I turn the hose on for about 2-1/2 hours once a week (every 5 days if it’s really hot) and the plants are growing great. If you live in a hotter climate, you can add some type of mulch to the soil to help keep the moisture in.
4. Easily harvest the fruit.
The very first cucumbers grown on a trellis will appear at the bottom (like the photo in #3 above), and may be a bit dirty, but once the plants have grown up the trellis a bit more, you will just be able pick just by reaching in, push the leaves aside and grab a perfect, mostly straight fully colored cucumber!
And as they grow taller (the photo above is two weeks later than the picture at the beginning of the post) you might not even have to stoop to pick the fruit!
Although it is really nice that they do take up less space, too.
You will be able to plant the cucumber seeds closer together (I plant about 2 inches apart and then thin to 5-6 inches apart) because you are training the vines up. This of course means you will have a much larger harvest in a smaller space than letting them sprawl on the ground.
But that probably goes without saying, because that’s why we like to grow vegetables vertically. And even though it’s not a part of the “official” 5 reasons to grow cucumbers on a trellis, it’s a pretty good one still, right?
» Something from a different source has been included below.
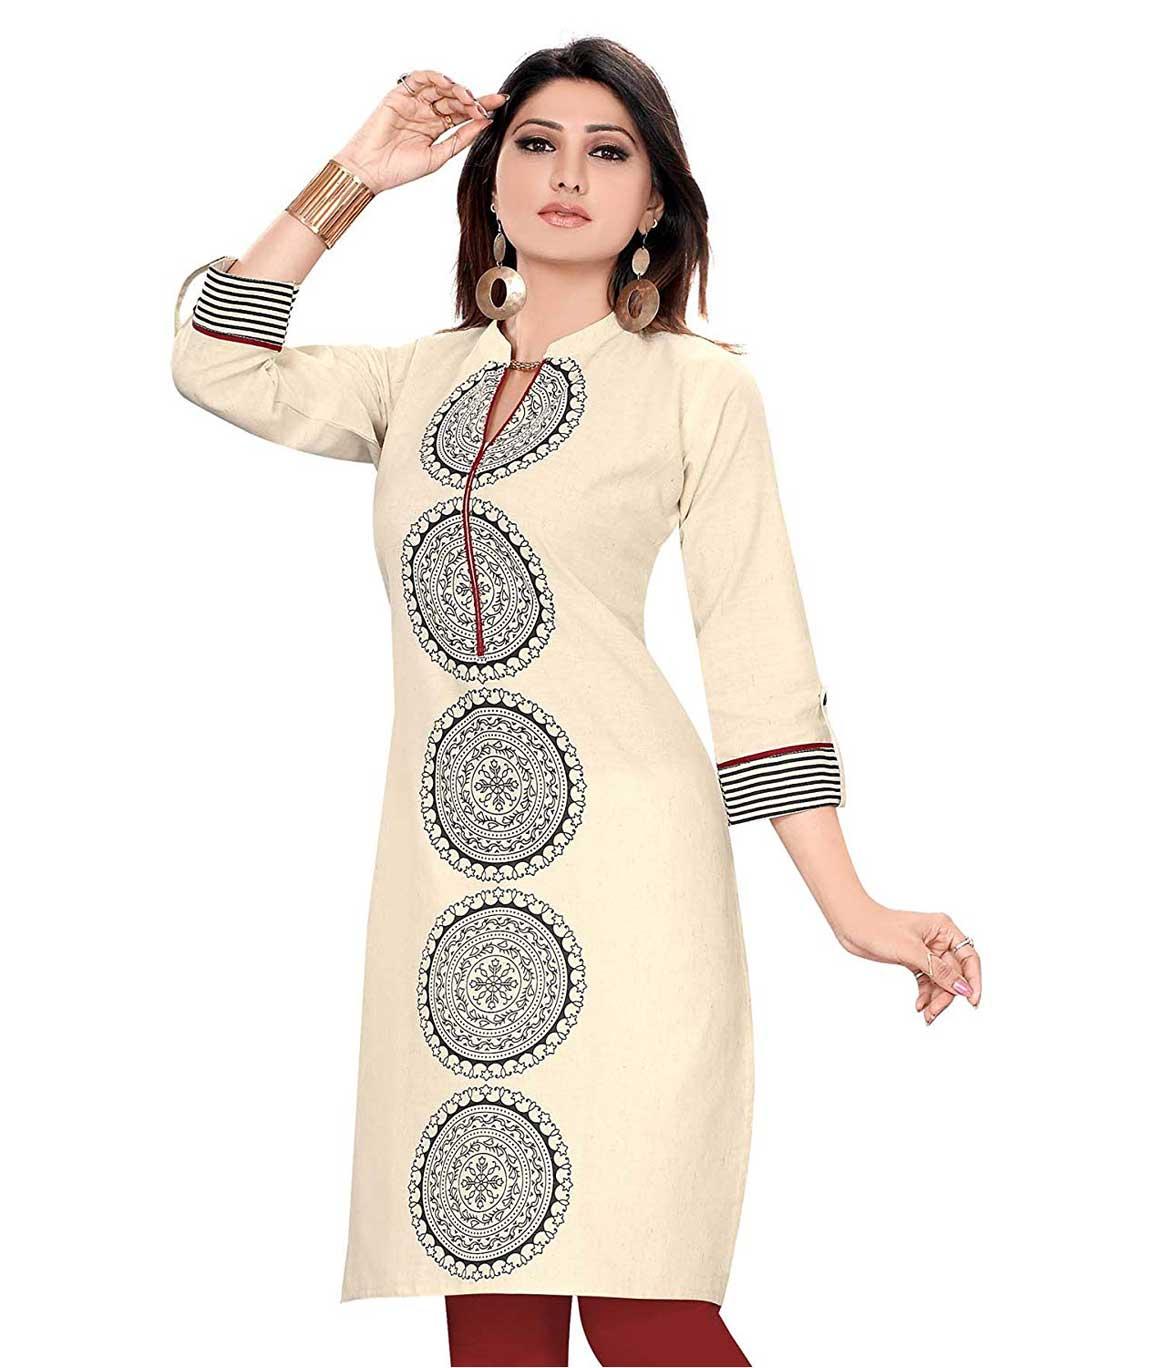 Plus Size Kurtis Handloom Cotton Cream Khadi Kurtis  1.0 out of 5 stars    1 customer review

Can you tell I really like growing cucumbers this way?
Do you grow cucumbers on a trellis? Why or why not?
Update: 2 Cucumber Trellis Options
U-Shaped Rebar with Twine
- Pros: Doesn’t rot so lasts forever; tall; easy to set up (though I had to stand on a bucket to get the twine over the top, lol).
- Cons: Not easy to find this rebar shape (a neighbor gave it to us); bottom straight rebar simply tied on with twine, so rots eventually; large size not as adaptable to raised beds.
Hog or Cattle Panel Trellis (this is what I’m currently using)
- Pros: Easy to find and inexpensive to buy panels and t-posts (we install them just like we do for the tomatoes we shared here); no need to attach (and then remove) twine; fits in a lot of spaces.
- Con: The only one I’ve found so far is that it’s not as easy to train the cukes up the wire panels as it is the twine. One reader told me it just didn’t work, but I’ve not had any issues if I don’t let them grow too much without training (I’m in the garden daily or every other day, so I just take a few minutes to train the stems up).